What distinguishes Islamic akhlāq from a mere "list of virtues" is this inner coherence. As one virtue deepens it feeds the others. When ṣabr takes root, tawakkul becomes easier. When ikhlāṣ deepens, shukr becomes more genuine. When tawbah becomes habitual, taqwā strengthens — the person who knows the door of return is always open is less likely to despair and more likely to keep trying.
The Prophet ﷺ declared noble character the core mission of his prophethood: "I was sent to perfect noble character." — Mālik, Muwaṭṭaʾ, no. 1614 The verb utammima — "to complete, to bring to perfection" — is deliberate. Akhlāq already existed in humanity; prophethood corrected, deepened and completed it. Islamic ethics does not erase the moral heritage of humanity; it purifies and perfects it.
Conclusion and Invitation
Akhlāq cannot be understood without being lived. Each sermon in this library is a starting point — a doorway to thinking carefully about one virtue, tracing its Quranic and Prophetic roots, and carrying something concrete back into daily life. Reading is the first step; practice is the real path.
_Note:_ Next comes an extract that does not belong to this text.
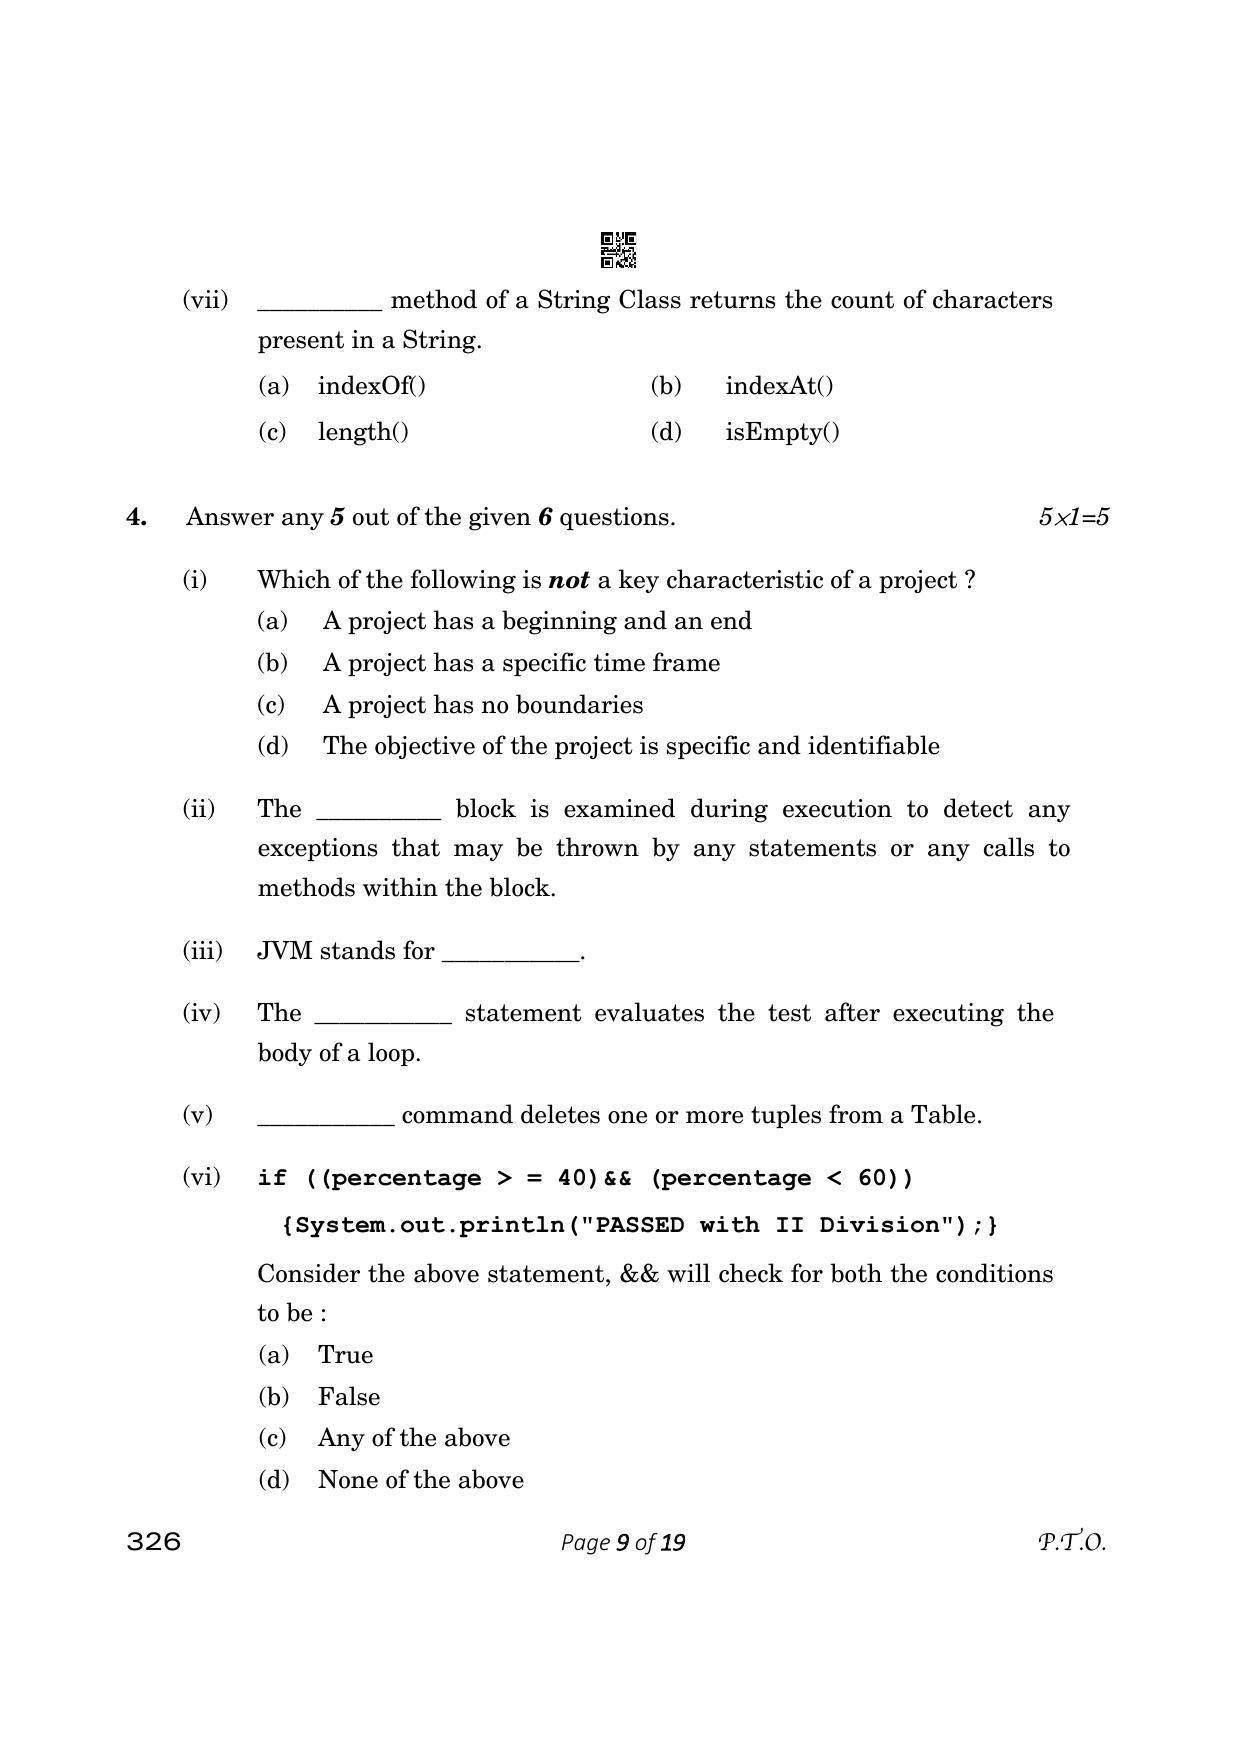 CBSE Class 12 Information Technology (Compartment) 2023 Question Paper - Page 9

The complete VAAZ sermon and article archive is at /en/blog. For supplications and remembrance, visit our duʿāʾ page; for the spiritual significance of prayer times, see The Importance of Prayer Times.
May Allah grant us all noble character — both in our relationship with Him and in our dealings with people. May we make the Prophet's khuluq ʿaẓīm our perpetual model. Āmīn.